Not Sure this Is A Point of Pride...

I actually found out about this early last year:

Mom-and-pop service stations are running into a problem as
gasoline marches toward $4 a gallon: Thousands of old-fashioned pumps
can't register more than $3.99 on their spinning mechanical dials.

We operate a marina in the back-end of nowhere in Colorado where, since we can only accept less-than-full-truckload gas shipments, we were paying wholesale prices over $3.50 last summer.  We attempted to go to $4.09 on the retail pump, and wham, we ran up against this retail equivalent of the Y2k bug.

7 Comments

  1. CRC:

    While I'm certainly not doubting this, I just wonder why/how this happened? I mean why doesn't the dollar digit have 10 values (0-9) like the cents do (0-9 and 0-9) so you have theoretical pricing of 0.00 to 9.99?

  2. dearieme:

    No worries, you'll soon be selling it by the pint.

  3. Highway:

    Back to the old 1/2 gallon prices! And like CRC, I think it's just stupid that when they made pumps that could do X.XX per gallon prices (as opposed to the old .XX prices for under a dollar) that they didn't go up to 9.

  4. michael:

    The internet is a great thing: this week I've learned that the answer to the dial question has a lot to do with gearing. These are mechanical devices and the faster you ask the cents dial to go the faster all the gears wear out. When gas went over a dollar a gallon, replacement kits could go to 2, 3 or 4 dollars, likely at increasing specs and therefore price.

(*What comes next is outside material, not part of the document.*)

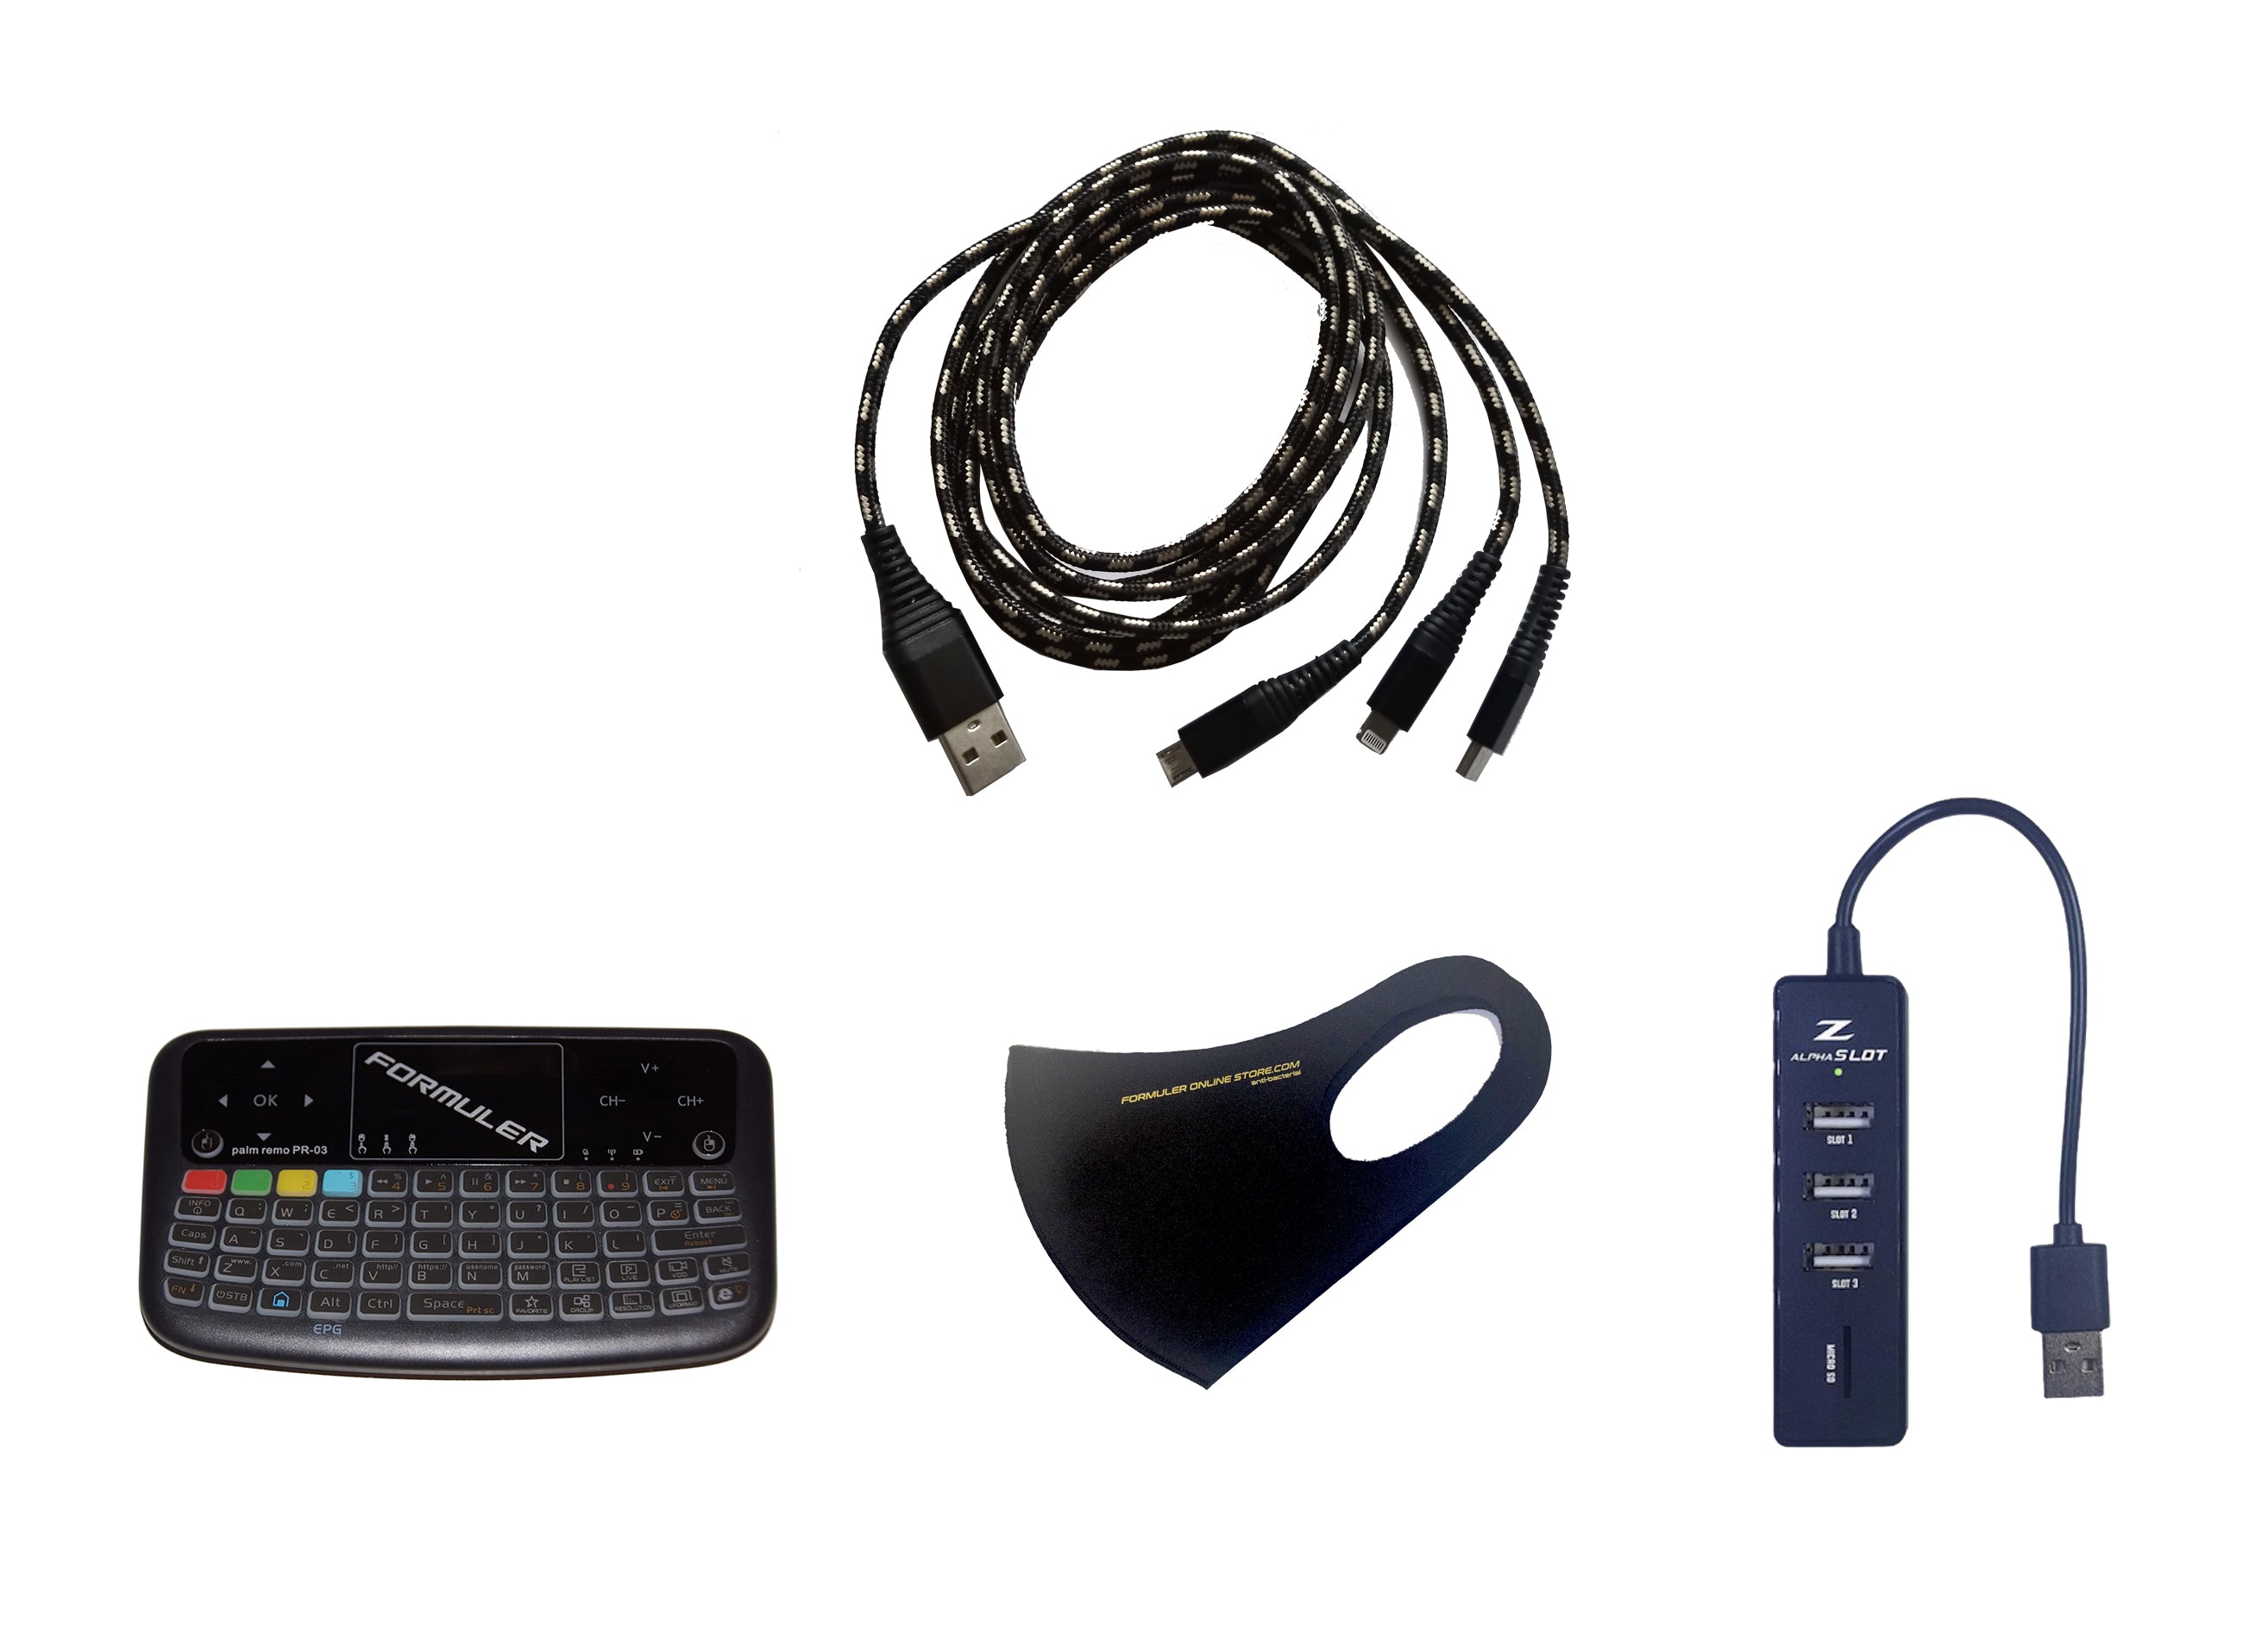 Pacote de acessórios incluído: Mini teclado sem fio com touchpad + Hub USB + Extensão de cabo USB 3-1 + Máscara

    However, it's one thing to make the mechanism a bit tougher and allow a x2 or x4 multiplier, but x10 is asking a lot and probably also gets really tough to still be accurate to the penny.

    I doubt Mom and Pop were really into paying a bunch extra to go to 5 or 6 dollars a gallon when many others opted to buy just the $2 versions. The people affected now *are* the forward looking ones who bit the bullet and got the premium $4 devices (or got them new later - not too sure when everything went all-electronic).

    Slowing down the delivery speed is also an option, but again, slowing it by a quarter or third is one thing, taking it well below half speed is quite another.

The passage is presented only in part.